🆕 blog! “How do you decentralise emergency alerts?”
Twitter's decision to hobble its API has meant that a number of useful alerting bots might no longer function. Your local subway might not be able to Tweet each morning about delays on the line, nor will a tornado warning be displayed as you scroll through photos of brunch, and forget about …
@Edent Masto makes it harder to find these updates, but once you're following the alert account, you get alerts reliably, correct? It's just a problem if the "single source of truth" is published only on Masto like it is on Twitter.
#posse solves this - if the alert sites post mainly to a blog with an RSS feed, users can find (or make) a Masto account to follow it.

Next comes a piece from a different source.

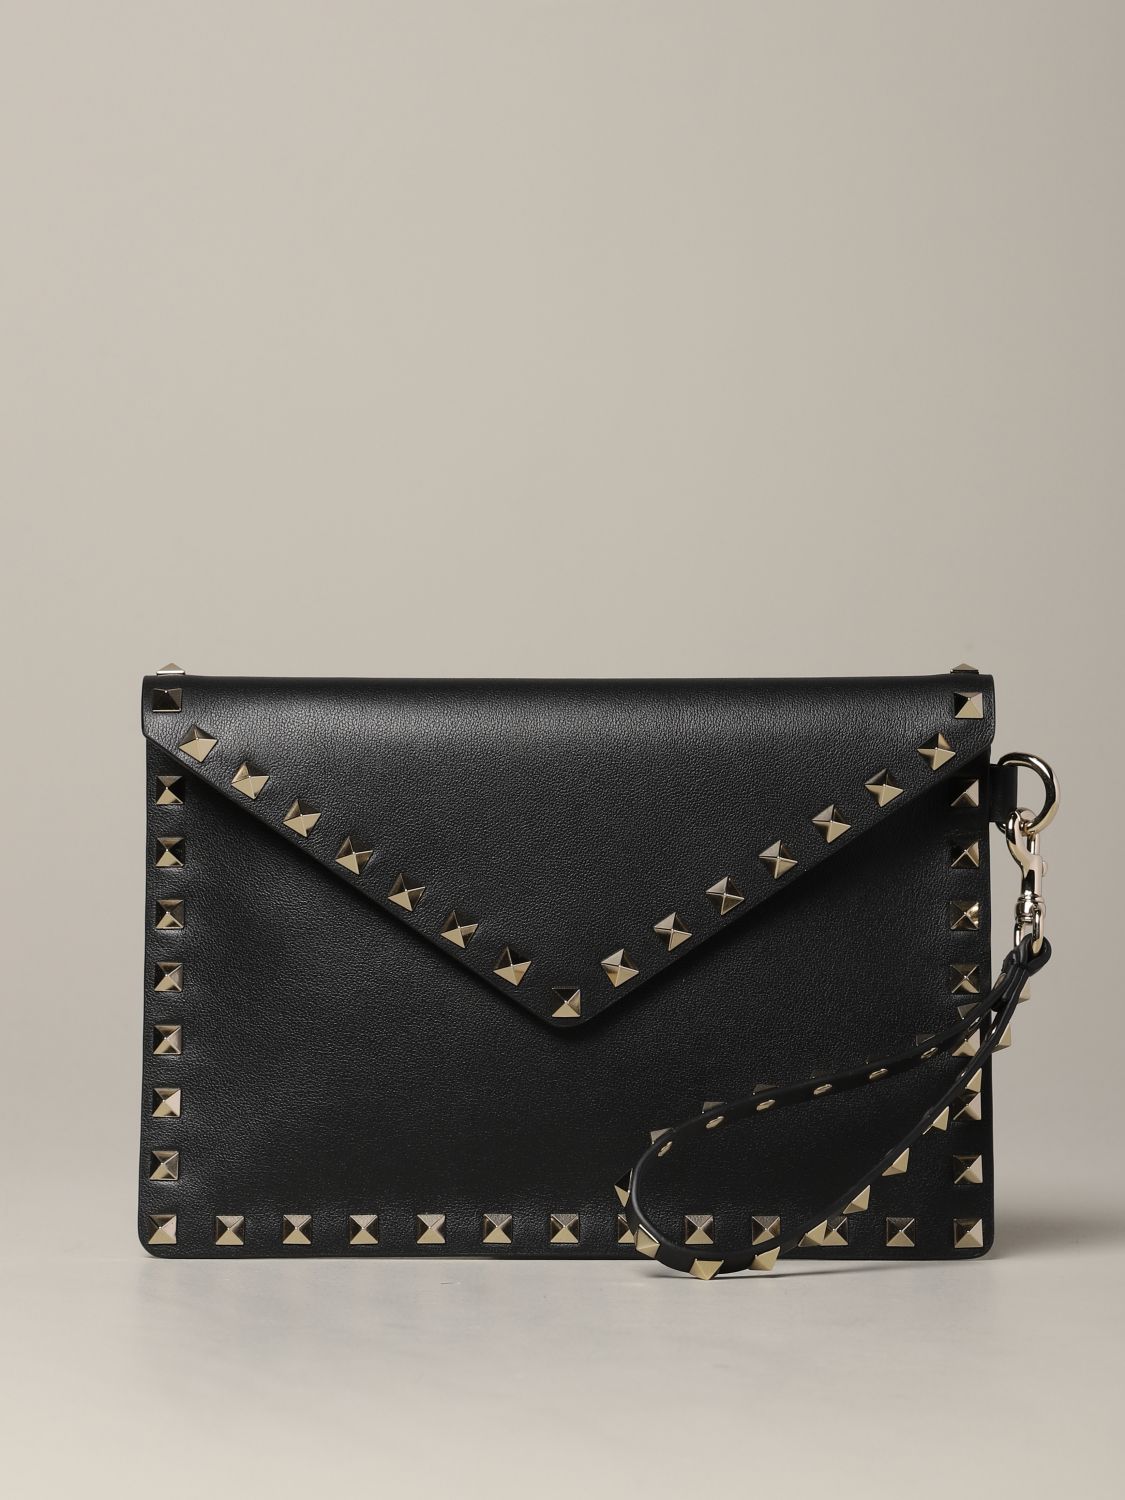 Valentino Garavani Outlet: leather clutch bag with studs - Black ...

Still doesn't solve the discoverability issue you're trying to solve, but seems workable, no?
@tedcurran yes, once you follow - you're good.
But you need to follow the official account.

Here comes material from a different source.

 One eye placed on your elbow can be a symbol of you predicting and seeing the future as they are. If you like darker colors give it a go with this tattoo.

If a 3rd party has built a bot using an RSS feed, they can post fake alerts, or suppress alerts.
@Edent One issue with just using lat/lng/haversine is defining the area something applies to is often more complicated.
eg "River Calder flooding" wants to go to specific places like Hebden Bridge, Todmorden, Mytholmroyd
eg "Good chance of northen lights in Scotland and North England tonight" is a massive area
@Edent it’s a difficult one. It was good that we have (had?) a place where you know you can publish and the audience is there and can find you (remember me asking about how safe “search online for…?” actually is? This is a use case where someone will search for…, for good or bad)
But then we’re relying on that place being there and not being taken over and set alight
I’m hoping that mastodon becomes the short text replacement. I fear it won’t. Maybe I’m old and everyone uses TikTok now instead
@Edent Regarding discoverability, if profiles could have a similar location property you could search for “bot accounts in my vicinity” which would offer up applicable services.